Fahri Demir’in Hollanda’da görev yaptığı yıllarda, Hollanda üniversitelerinde okuyan Türk çocuklarının sayısı çok azdı. Fahri Demir hoca üniversite öğrencilerine önem veriyordu. Onlarla ilişkilerin gelişmesini istiyordu. Hoca, farklı üniversitelerden küçük bir öğrenci grubuna ulaşmıştı. Coşkun Çörüz, Fadime Örgü, Mehmet Tütüncü, Mustafa Yıldız ve bendeniz de bu gruba dahil olmuştuk. Bu grupla belirli aralıklarla vakıf binasında sohbetler yapılıyordu. O yıllarda Leiden Üniversitesi Türkoloji Bölümü’nde okuyan Cengiz Özdemir part time olarak HDV’de çalışıyor ve üç aylık Hollandaca Türkçe ‘İSLAM ve Arayış’ dergisini yayınlıyordu. Özdemir’den sonra bir müddet bu görevi ve günlük Hollandaca gazeteleri tarama işini ben icra ettim. ‘İSLAM ve Arayış’ dergisi, hafızam beni yanıltmıyorsa hemen hemen tamamı Hollandalı olan 1250 aboneye sahipti.

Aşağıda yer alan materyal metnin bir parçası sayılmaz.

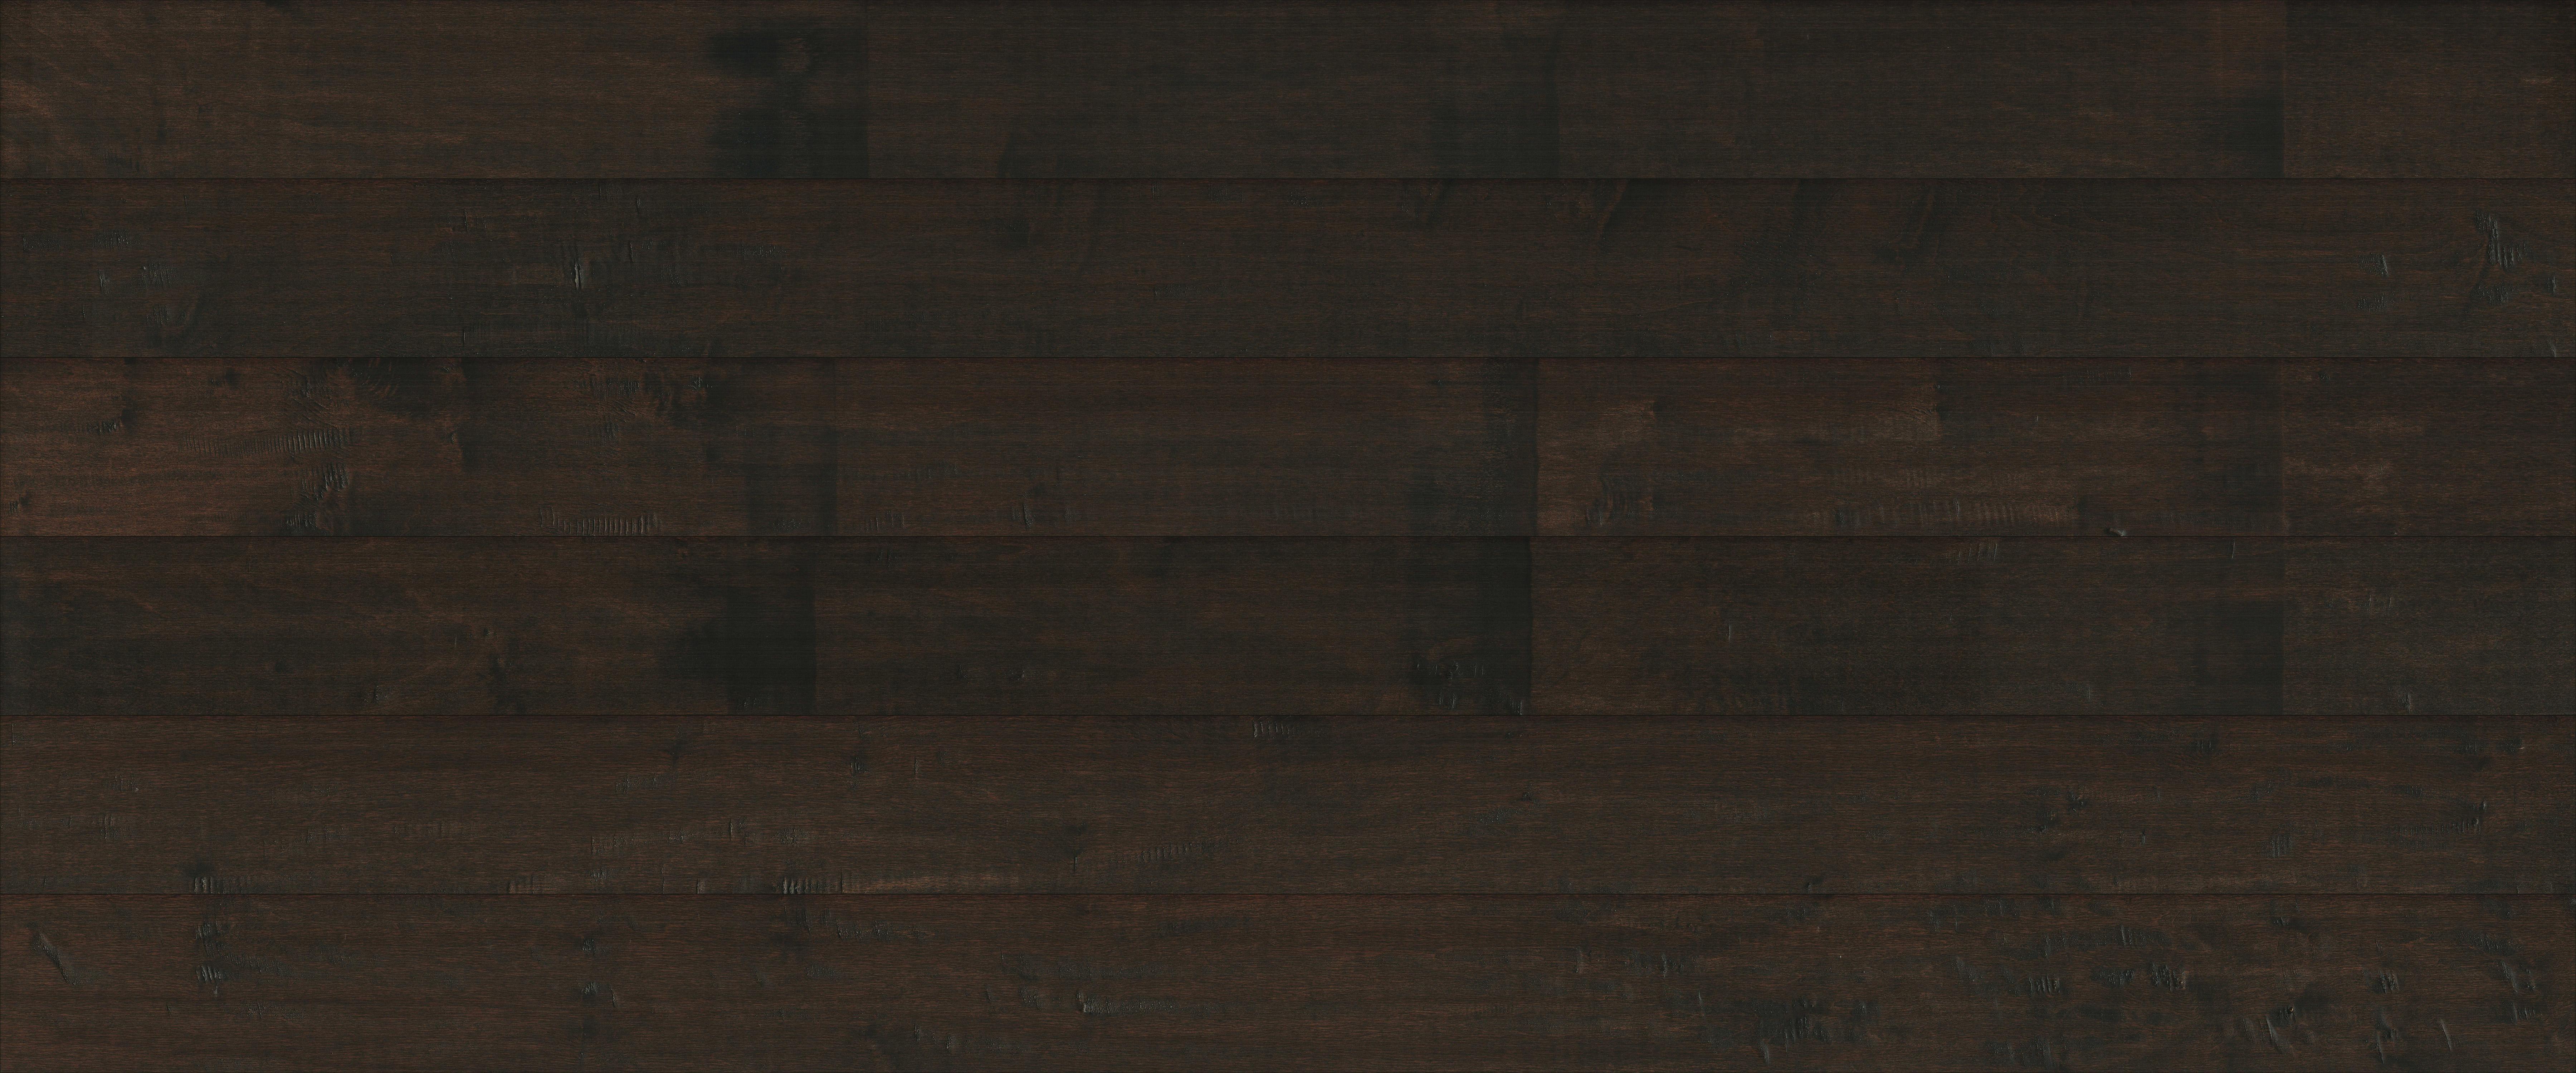 maple espresso hardwood flooring of 18 luxury laminate vs engineered hardwood pics dizpos com inside laminate vs engineered hardwood fresh mullican san marco sculpted maple dark mocha 5 engineered hardwood

Fahri Demir döneminde, İslam hakkında Hollandaca hazırlanan yayınlar on binlerce satıyordu. Hocanın kendisinin hazırladığı ve HDV’nin üçüncü yayını olan “DE ISLAM” başlığını taşıyan İslam dini hakkında, kısa bilgiler içeren kitapçık bir ara yok satmıştı. Öyle ki, Hollanda Savunma Bakanlığı bir çırpıda on bin adet sipariş vermişti askerlere dağıtmak için. Biz de, şaşırmış kalmıştık. O yıllarda İslam’a karşı müthiş bir ilgi vardı. Hollandaca yayın da neredeyse yoktu.

Bir Ramazan Bayramı sonrasıydı. Trouw gazetesi serbest kürsü sayfasında Ramazan ve Oruç’la ilgili bir yazım yayınlanmıştı. Yazı için gazete bana 50 Gulden göndermişti. Hemen gazeteyi alıp Vakfa, Fahri hocaya götürdüm. Kendisi yazmış kadar mutlu oldu. Ve gazetenin o sayısından 10 adet almamı söyledi. Yazıyı, Vakfı ziyaret edenlere büyük bir mutlulukla göstermişti.

Evet, Dr. Fahri Demir hocanın vefatı üzerine aklımıza hemen geliverenler bu şekilde.
Yukarıda da ifade ettiğim gibi; ne mutlu, geçtiği yerde hayırla hatırlanmak. Herkese söz verip yerine getirmemekle anılmak da var bu işin içinde. Eline geçen din ve devlet yetkisini insanları yönlendirmek ve dinlemeyenleri bir yerlere, ‘bunlar şöyle böyle’ diye rapor veren HDV Başkanı olarak da hatırlanmak var kaderde.
Velhasıl; en iyisi, gök kubbede hoş bir seda bırakıp, hayırla anılmaktır. İşte HDV eski Başkanlarından Dr. Fahri Demir hayırla hatırlananlardan birisidir.
Mekanı cennet, ruhu şad, ilmi şahit olsun.